If True, allow leading zeros in numbers (e.g. 00012). Default False.

Note

Used only for reading files and parse_column method.

allowSingleQuotes = None class-attribute instance-attribute

If True, allow JSON object field names to be wrapped with single quotes ('). Default True.

Note

Used only for reading files and parse_column method.

allowUnquotedControlChars = None class-attribute instance-attribute

If True, allow unquoted control characters (ASCII values 0-31) in strings without escaping them with \. Default False.

Note

Used only for reading files and parse_column method.

allowUnquotedFieldNames = None class-attribute instance-attribute

If True, allow JSON object field names without quotes (JavaScript-style). Default False.

Note

Used only for reading files and parse_column method.

columnNameOfCorruptRecord = Field(default=None, min_length=1) class-attribute instance-attribute

Name of column to put corrupt records in. Default is _corrupt_record.

Warning

If DataFrame schema is provided, this column should be added to schema explicitly:

from onetl.connection import SparkLocalFS
from onetl.file import FileDFReader
from onetl.file.format import JSON

from pyspark.sql.types import StructType, StructField, TimestampType, StringType

spark = ...

schema = StructType(
    [
        StructField("my_field", TimestampType()),
        StructField("_corrupt_record", StringType()),  # <-- important
    ]
)

json = JSON(mode="PERMISSIVE", columnNameOfCorruptRecord="_corrupt_record")

reader = FileDFReader(
    connection=connection,
    format=json,
    df_schema=schema,  # < ---
)
df = reader.run(["/some/file.json"])

Note

Used only for reading files and parse_column method.

dateFormat = Field(default=None, min_length=1) class-attribute instance-attribute

String format for DateType() representation. Default is yyyy-MM-dd.

dropFieldIfAllNull = None class-attribute instance-attribute

If True and inferred column is always null or empty array, exclude if from DataFrame schema. Default False.

Note

Used only for reading files. Ignored by parse_column method.

encoding = None class-attribute instance-attribute

Encoding of the JSON file. Default UTF-8.

Note

Used only for reading and writing files.

Ignored by parse_column and serialize_column methods.

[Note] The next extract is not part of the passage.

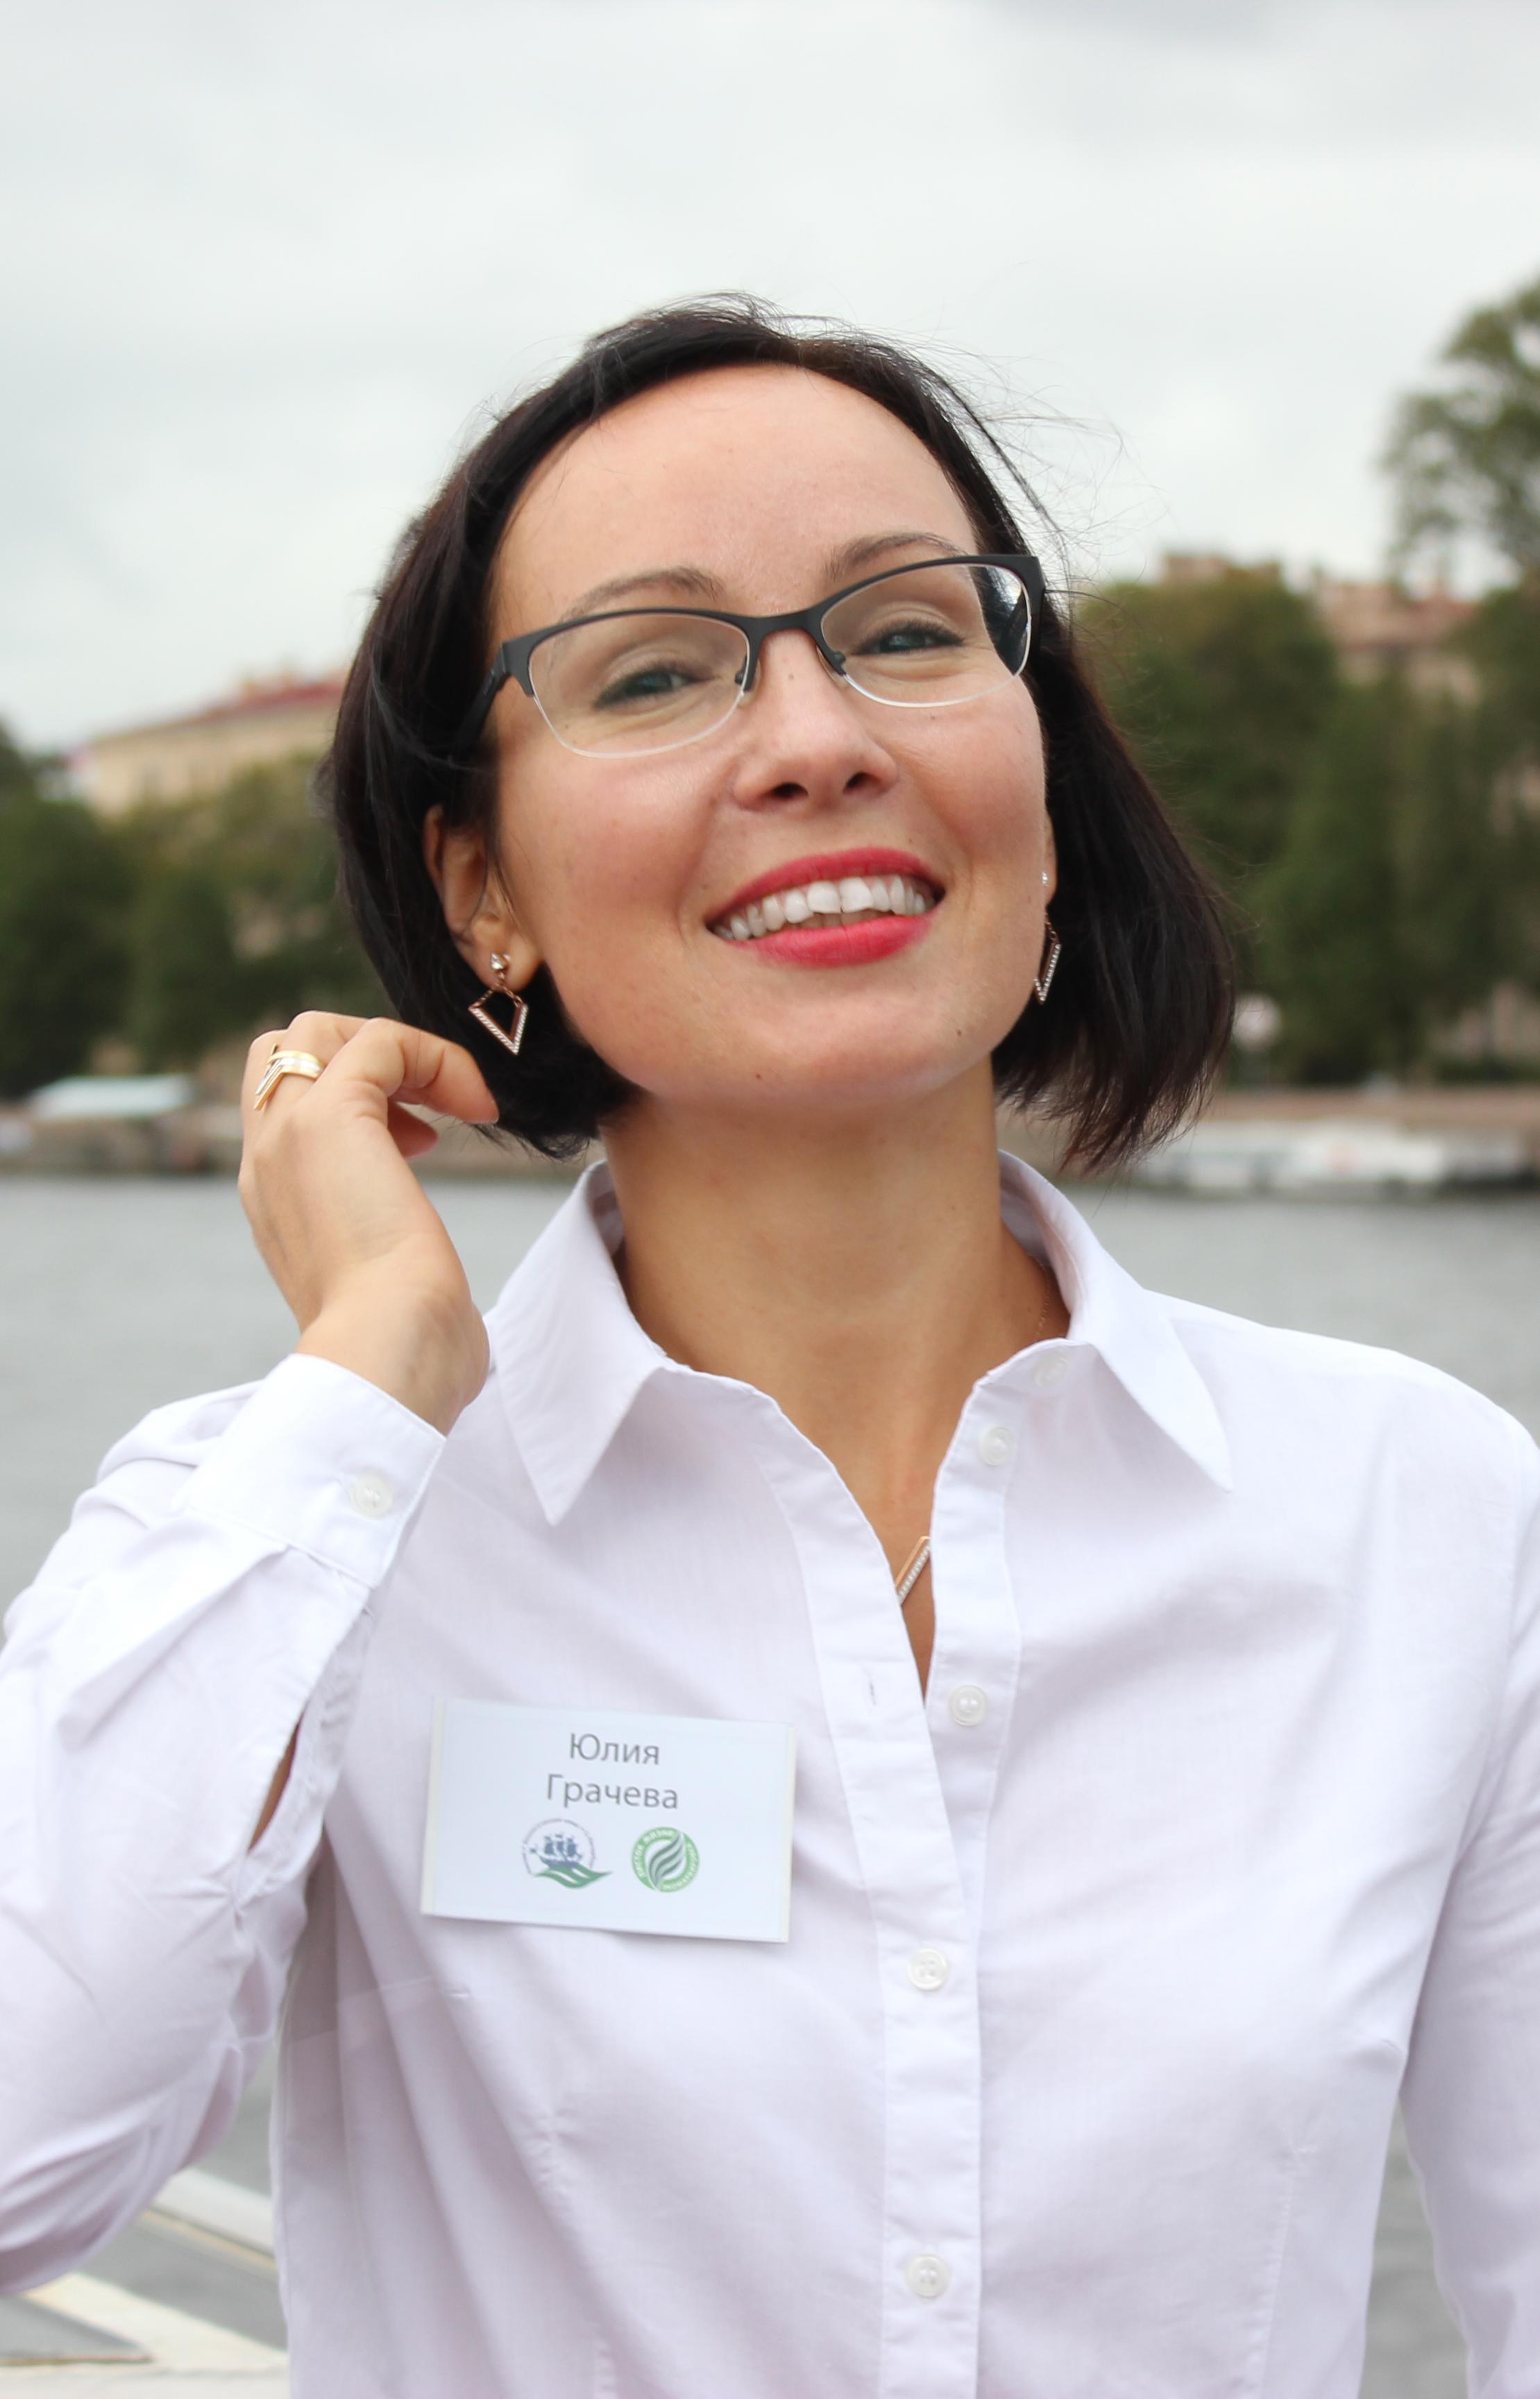 Юлия Грачева об экопотреблении, маркировках и о том, как правильно выбирать экотовары

lineSep = None class-attribute instance-attribute

Character used to separate lines in the JSON file.

Defaults:

  • Try to detect for reading (\r\n, \r, \n)
  • \n for writing

Note

Used only for reading and writing files.

Ignored by parse_column and serialize_column methods, as they handle each DataFrame row separately.

locale = Field(default=None, min_length=1) class-attribute instance-attribute

Locale name used to parse dates and timestamps. Default is en-US.

Note

Used only for reading files and parse_column method.

mode = None class-attribute instance-attribute

How to handle parsing errors:

  • PERMISSIVE - set field value as null, move raw data to columnNameOfCorruptRecord column.
  • DROPMALFORMED - skip the malformed row.
  • FAILFAST - throw an error immediately.

Default is PERMISSIVE.

Note

Used only for reading files and parse_column method.

prefersDecimal = None class-attribute instance-attribute

If True, infer all floating-point values as Decimal. Default False.

Note

Used only for reading files. Ignored by parse_column method.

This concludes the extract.